I wish I could make easy decisions with other things like I do with writing. I shouldn’t be worried about failing but I still do. With writing it doesn’t matter if I fail because it’s just a hobby but if I fail in life decisions things can go worse. Running out of money or end up on the street. That’s quite a radical example but it could happen. I think that’s one of the reasons why I keep thinking about becoming an entrepreneur or not. It’s easy to think about things in your head but the reality is much harder. I go back and forth with my thoughts but I can’t make a decision. As an unemployed, it’s not easy to start something because if you do, you get in trouble with the job centre. And other things could happen which I won’t get into. Some impatient person would probably be fed up with my indecisiveness already. No one should be hurried with deciding things. You should do them in your own time. Plans take time to fulfil. I wish I would have thought like this when I was younger. It would have saved a lot of time and less stress. Even though I don’t regret my past I wish I could have abandoned some things a bit faster than I did. What done is done.

Everything but bold

bold woman jumps over mountain
Made in Canva

It feels like I’m already blogged about the same subjects on this blog several times. I’ve noticed posts about job search hasn’t interest people that much. Well, recently at least. It’s OK. It’s mostly blabber anyway. Most of the time I don’t even remember what I posted in the past. But who does? Unless they have a very good memory. Human brains can’t handle that much information. It doesn’t matter really if I wrote things before because new followers have found this blog just recently. No one has that much time to go back in the past anyway. I do have 951 posts after all. Sorry for boring you with details like that.

What I was about to say is, I’m a lot of things but bold I’m not. Unless it’s in writing. In real I’m really not. I never say my opinion to people I don’t know. I just can’t do it because I don’t want to hurt their feelings. When I was a child people thought I’m also quiet at home. But I was definitely not. Just ask my father. At home, I’m a totally different person. There I can say what I think. When you’re in public you need to show some manners. You can always show them rude gestures when they’re not looking. But I wouldn’t say bad things in people’s faces. But if they are rude to me, I won’t hesitate to defend myself. Treat other people the way they treat you. Or walk away if they look threatening.

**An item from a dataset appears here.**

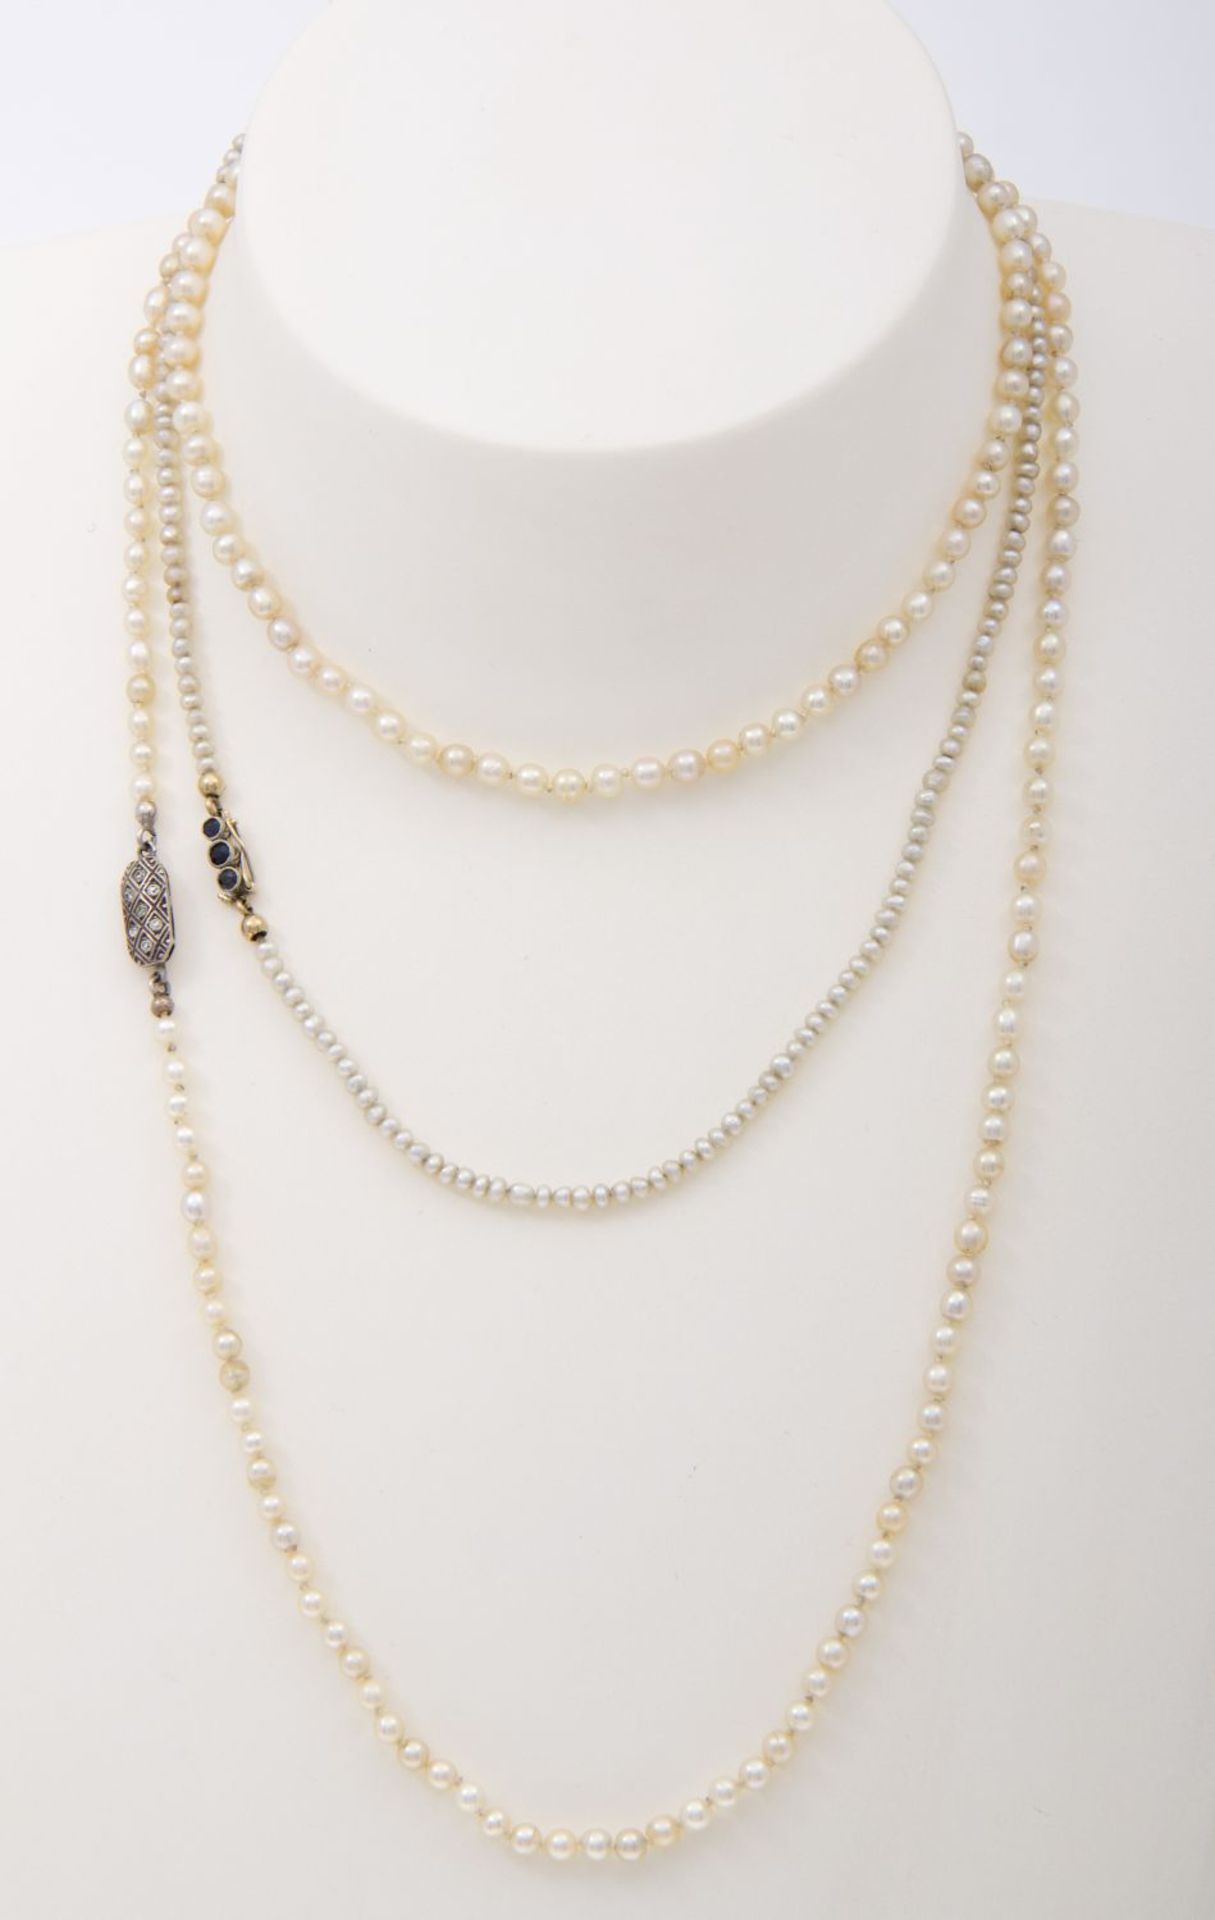 Zwei zarte PerlenkettenWeiße Perlchen, D. bis ca. 3,5 mm. Verschluss aus Silber 835 bzw. Gelbgold

If I had been bolder in the past I could have been something more but I was too much of a coward. It wasn’t lack of encouragement. My parent was really supportive. Maybe boldness skipped a generation. My mother went to Sweden when she was young. Relatives live there. My dad started his business during Finland’s depression and still works even if he’s retired. Of course, their life was different from mine and they’re a different generation. I’m always been stubborn and did things my way. I even learned to walk when I felt like it and not because my parents expected me to. I could have been more flexible when it came to decisions. Like with summer jobs as a teen. I took part in a summer job lottery once but I didn’t get a job so I didn’t try again. I just wanted to relax in the summer after all the school work I did. The idiom, look before you leap, is almost my motto. Except all I do is look and see all the things that could go wrong. I’m not totally afraid of doing things. I did travel alone the first time when I was 17. Studying in a different city or town is one kind of boldness. Luckily I lived in a dorm so I didn’t need to find an apartment. I did get home at the weekends but still, I did live in another city. I have never travelled abroad alone though. Except if you count school trips but those were hell anyway so they don’t matter.

Starting a blog is bold. There are people who are afraid to start one but for me, it’s been a natural thing. It’s easier to write than talk. You don’t need to follow the crowd. Blogging can also be just a hobby. It shouldn’t only about profit or being like any other blogger out there. Boldness can also come from not being afraid to share a piece of your inner world to others. You don’t need to write about your personal life if you don’t want to. Blogging should be fun and not something you have to do. Maybe I’m a little bit bold after all.